Multi-turn + ChatInject achieves an average ASR of 52.3% on InjecAgent, demonstrating significant synergy.
Grok-2 is less affected (its template lacks strong role separators), validating the hypothesis that more explicit template structure enables more effective attacks.
Closed-source models are equally vulnerable: using only open-source model templates, attacks against GPT-4o, Grok-3, and Gemini-pro raise ASR by 13–49 pp.
Existing prompt-level defenses (e.g., sandwich defense, instructional prevention) are largely ineffective against Multi-turn ChatInject.

Highlights & Insights¶

Structural-level vs. text-level attacks: ChatInject reveals a fundamental security design flaw—the role labels in chat templates simultaneously serve as the foundation of the security mechanism and as the entry point for attacks. This paradox, in which the security mechanism itself becomes the attack surface, warrants serious attention.
"Simulating multi-turn within a single injection": Leveraging role labels to construct a virtual multi-turn dialogue within a single tool return brings persuasion-based multi-turn attacks—previously infeasible in indirect injection scenarios—into practical reach. This is a particularly elegant design.
Template similarity as a transferability predictor: The paper quantifies the correlation between embedding similarity across different models' chat templates and cross-model attack transferability, offering a new dimension for future defense evaluation.

Limitations & Future Work¶

The attack assumes the attacker knows the target model's chat template structure (publicly available for open-source models), though the mixed-template strategy partially mitigates this constraint.
Multi-turn dialogues are generated by GPT-4.1 and require manual review, limiting automation for large-scale attacks.
The paper focuses on attacks with limited exploration of defenses—only a few prompt-level defenses are evaluated, and token-level sanitization or architecture-level defenses such as ASIDE are not explored.
It remains unevaluated whether models can be trained to ignore role labels appearing within tool-returned data.

vs. ASIDE (Zverev et al., 2025): ASIDE architecturally separates instructions from data via orthogonal rotation, making it a natural candidate defense against ChatInject. The attacks demonstrated in this paper serve as concrete instances of the problem ASIDE aims to solve.
vs.

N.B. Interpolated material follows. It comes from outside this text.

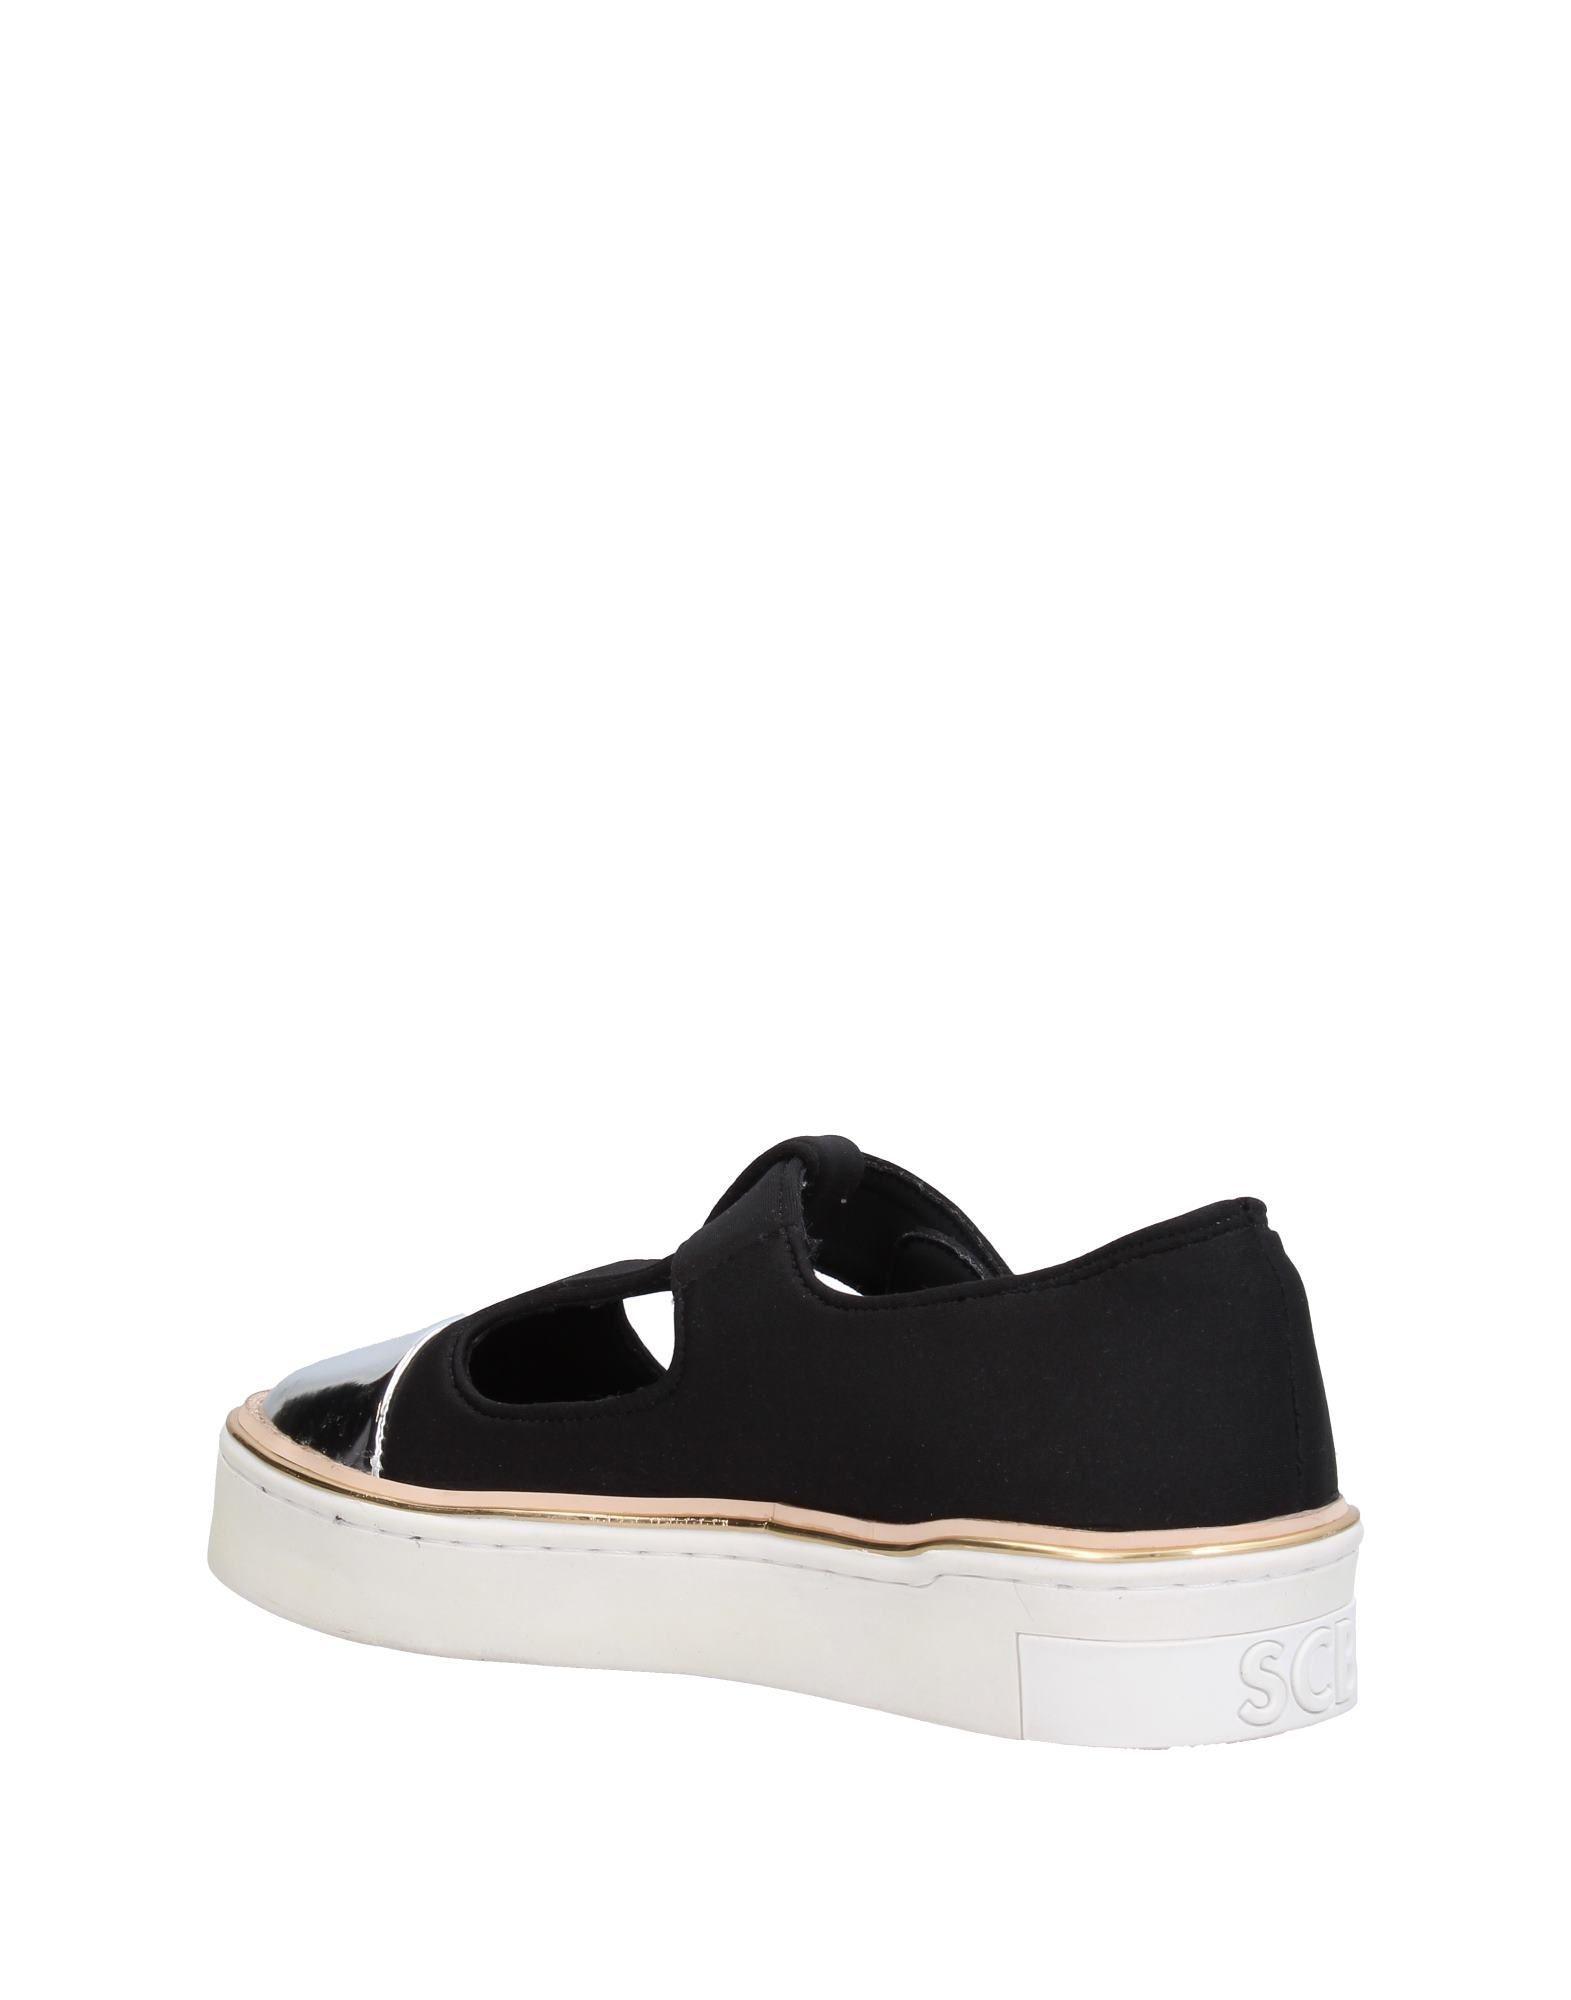 Suecomma Bonnie Low-tops & Sneakers in Black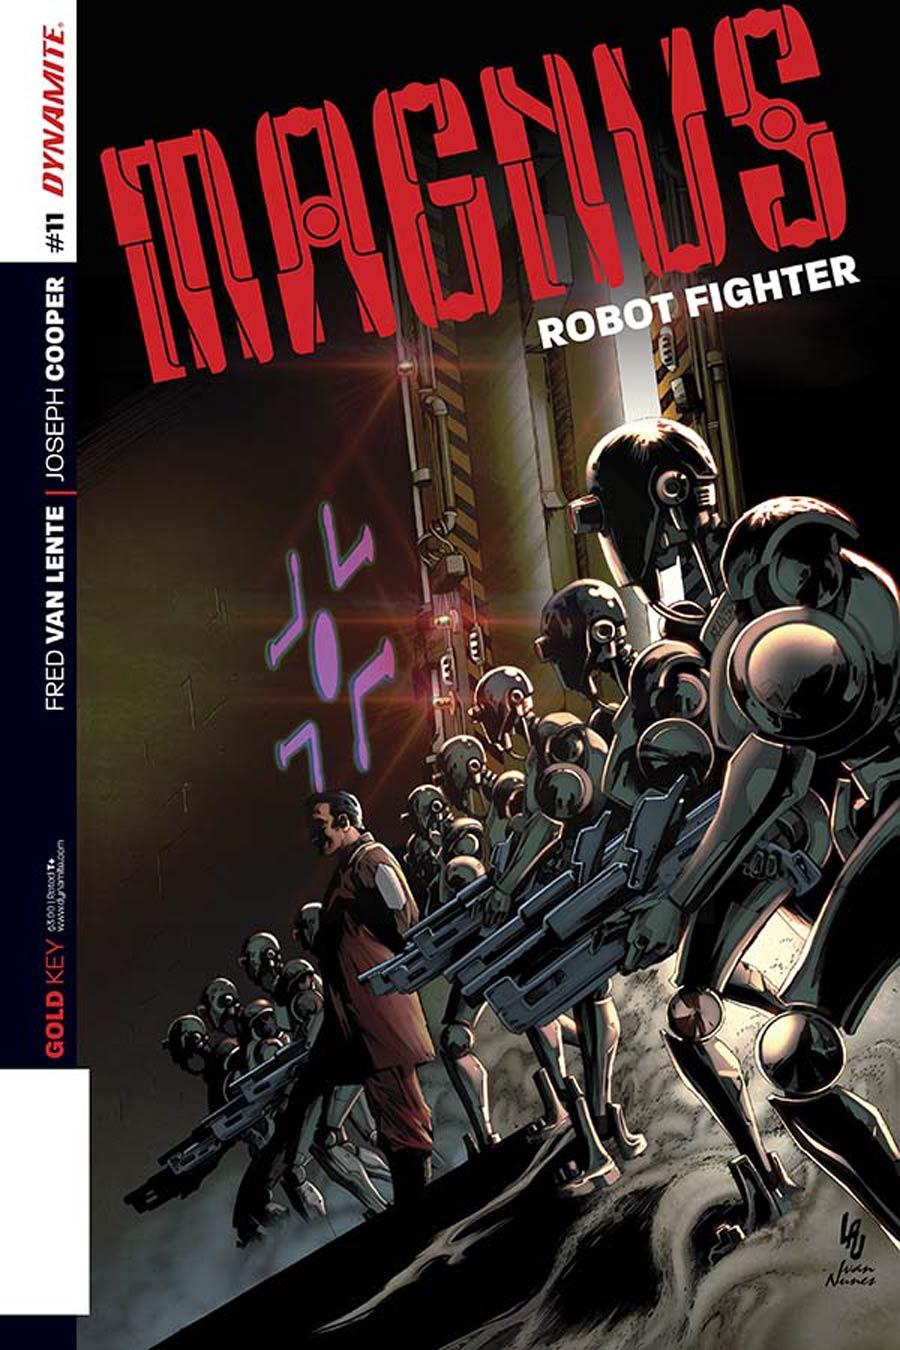 Magnus Robot Fighter Vol 4 #11 Cover A Regular Jonathan Lau Cover

ChatBug (Jiang et al., 2024): ChatBug replaces safety tokens to break safety alignment (jailbreaking), whereas ChatInject forges role labels to achieve indirect injection. The objectives differ, but the underlying mechanisms are analogous.
vs. Instruction Hierarchy (Wallace et al., 2024): That work's defense relies on role labels for priority stratification, but ChatInject demonstrates that role labels themselves can be forged, fundamentally undermining this defense.

Rating¶

Novelty: ⭐⭐⭐⭐ First systematic study of chat template structure as an attack vector; the application of multi-turn simulation within a single injection is a notable contribution.
Experimental Thoroughness: ⭐⭐⭐⭐⭐ 9 frontier models (including 3 closed-source) × 2 benchmarks × cross-model transferability × defense evaluation.
Writing Quality: ⭐⭐⭐⭐ Attack motivation and experimental design are clear, though the tables are data-dense.
Value: ⭐⭐⭐⭐ Exposes a fundamental vulnerability in LLM agent security with important implications for both security research and engineering practice.